The Adversa team makes for you a weekly selection of the best research in the field of artificial intelligence security
It has been proven that deep neural networks (DNNs) are vulnerable to malicious patches that make changes that are invisible to the human eye but affect the operation of the system. As a rule, such patches are applied to images, while it is an order of magnitude more difficult to apply them to video files, and this issue has been studied to a lesser extent at the moment.
In this regard, researchers Kai Chen, Zhipeng Wei, Jingjing Chen, Zuxuan Wu, and Yu-Gang Jiang have introduced a new adversarial attack – the bullet-screen comment (BSC) attack, which attacks video recognition models using BSC.

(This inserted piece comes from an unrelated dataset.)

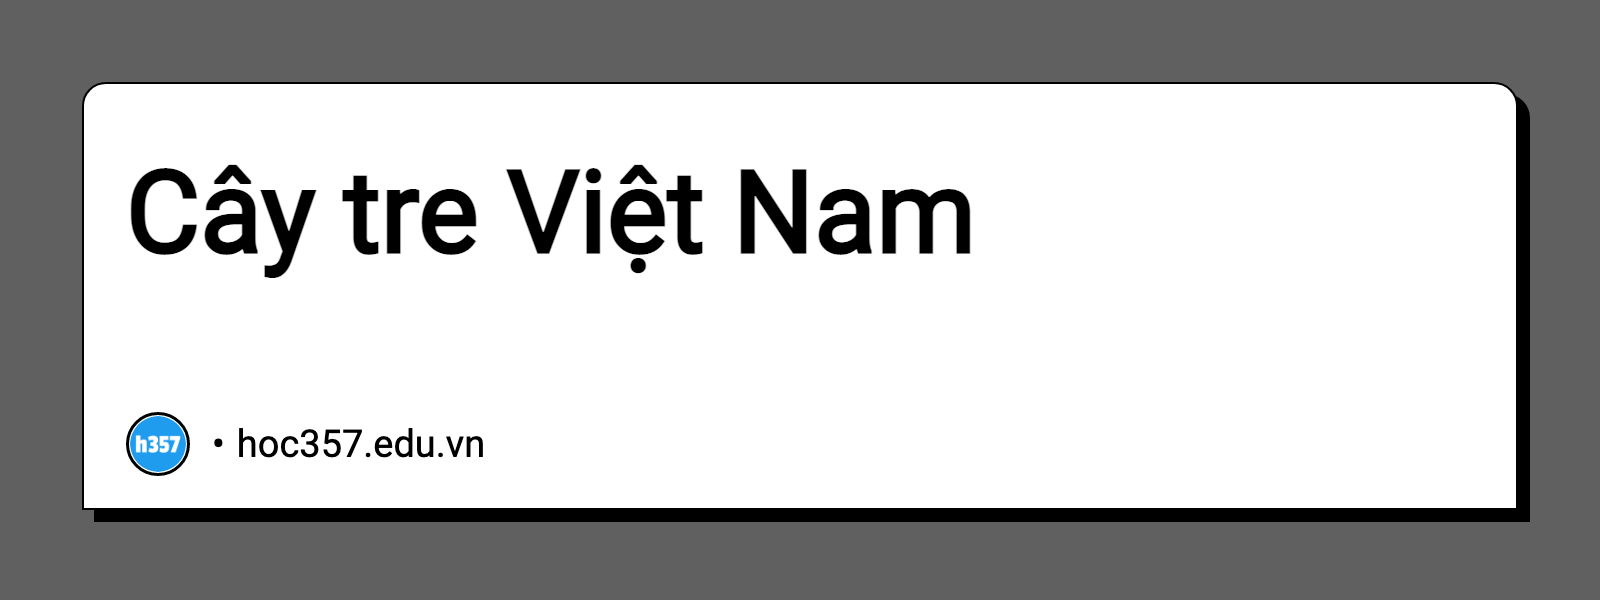 Hình minh họa Cây tre Việt Nam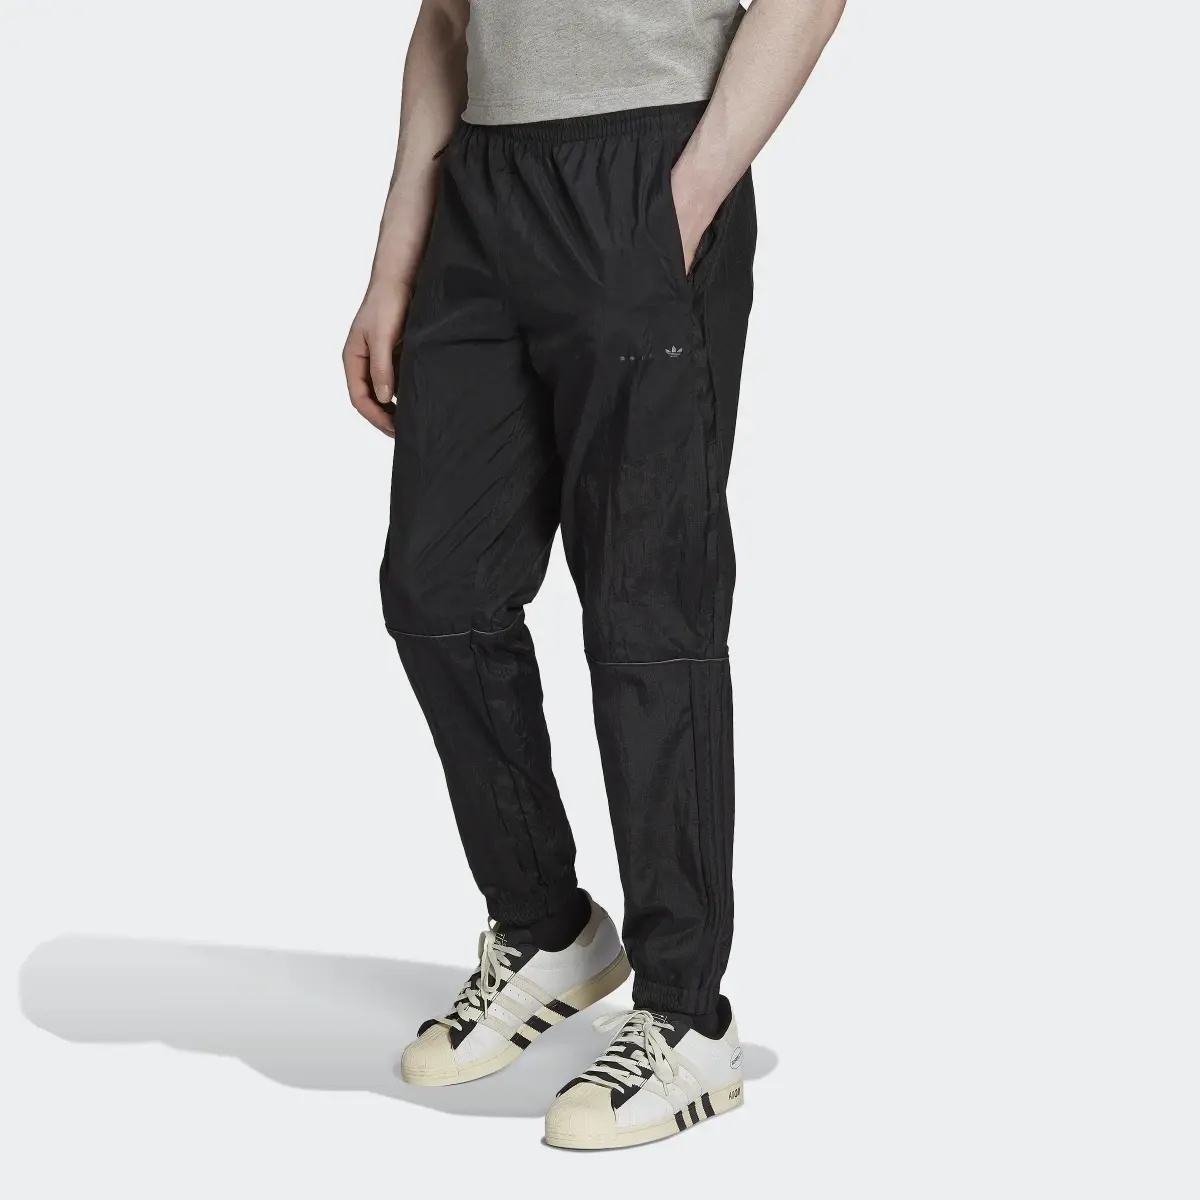 Adidas Pantalón Reveal Material Mix. 1

Adversarial BSCs are generated using a reinforcement learning framework with the environment as a target model, where the agent plays the role of positioning and transparency of each BSC. By regularly polling target models and receiving feedback, the agent makes adjustments in the selection strategies in order to achieve a high rate of deception with non-overlapping BSCs. Since BSC In addition, adding this patch to a clean video will not affect people’s understanding of the video content and will not look suspicious. Multiple tests have confirmed the effectiveness of the method.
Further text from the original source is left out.